Jubel und falsche Profiteure

Vom Kanzler abwärts zeigte sich die ÖVP-Regierungsmannschaft erfreut über die neue OECD-Prognose und sieht sich in ihrer Politik bestätigt. "Das zeigt, dass die Wirtschaftshilfen funktionieren und bestätigt auch, dass wir gut durch die dritte Coronawelle gekommen sind", erklärte Bundeskanzler Sebastian Kurz (ÖVP). Finanzminister Gernot Blümel (ÖVP) und Wirtschaftsministerin Margarete Schramböck (ÖVP) pflichteten bei. "Wenn die Prognosen eintreffen, wird Österreich heuer stärker wachsen als Deutschland oder die Schweiz, obwohl das für den Tourismus so wichtige erste Quartal de facto komplett ausgefallen ist", so Blümel.
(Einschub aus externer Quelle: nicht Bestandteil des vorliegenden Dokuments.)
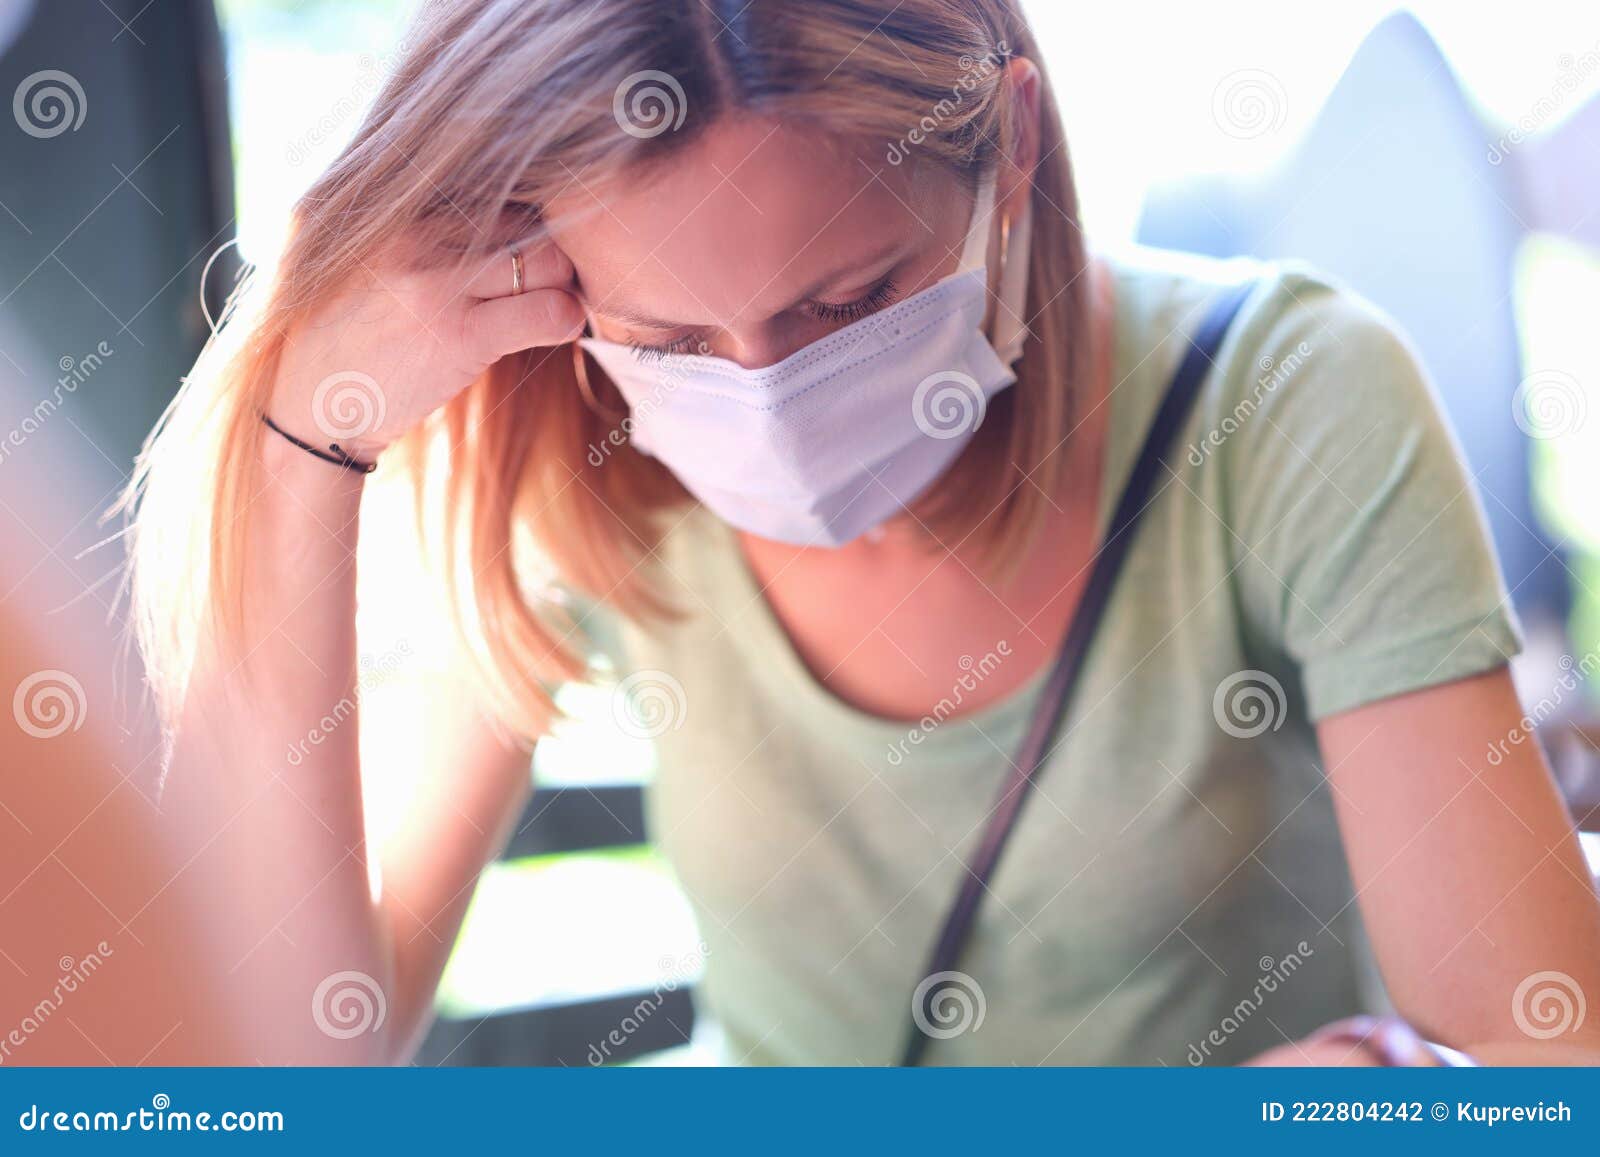 anxious sad woman in medical protective mask sits at table

NEOS-Wirtschaftssprecher Sepp Schellhorn betonte, dass jetzt die Schritte dafür zu setzen seien, damit der Aufschwung "auch unterstützt und nachhaltig abgesichert" werden könne. "Wieder einmal spricht die OECD konkrete Empfehlungen zur Verbesserung der wirtschaftlichen Situation von KMU in Österreich aus - es braucht nun endlich auch eine Umsetzung der Maßnahmen", forderte Schellhorn mit Blick auf mehr Finanzierungsoptionen, um die zu erwartende Pleitewelle unter kleinen und mittleren Unternehmen nach Auslaufen der Hilfen und Stundungen Ende Juni abzufedern."Bis zum Herbst werden dann viele nicht durchkommen." Es wäre "unbegreiflich und verantwortungslos, wenn hier nicht rasch etwas vorgelegt wird".

Heftige Kritik an der Regierung kommt aus dem Lager der SPÖ: Wegen "schlechten Pandemiemanagements und falscher Wirtschaftshilfen" erhole sich Österreich langsamer als andere in der EU - wie etwa Italien oder Griechenland - von der Krise. Wie die NEOS sieht auch SPÖ-Wirtschaftssprecher Christoph Matznetter viele kleine und mittelgroße Unternehmen unter die Räder kommen, sobald die staatlichen Hilfszahlungen Ende Juni auslaufen. Nachfolgeregelung gibt es bis dato noch immer keine. Zudem seien "große Summen der Wirtschaftshilfen an jene Unternehmen geflossen, die sie am wenigsten brauchen".

Zu den Profiteuren der Hilfszahlungen der Bundesregierung gehörten etwa "global agierende Konzerne, die in Österreich keine Steuern zahlen, Luxushotelbetreiber oder riesige Elektrohandelsketten", so Matznetter. In Pressekonferenzen spreche die Regierung zwar "salbungsvoll von einem 'wirtschaftlichen Comback'", habe aber in Wahrheit "kein handfestes, echtes und umfangreiches Konjunkturpaket mit sinnvollen Maßnahme vorgelegt", so der Oppositionspolitiker.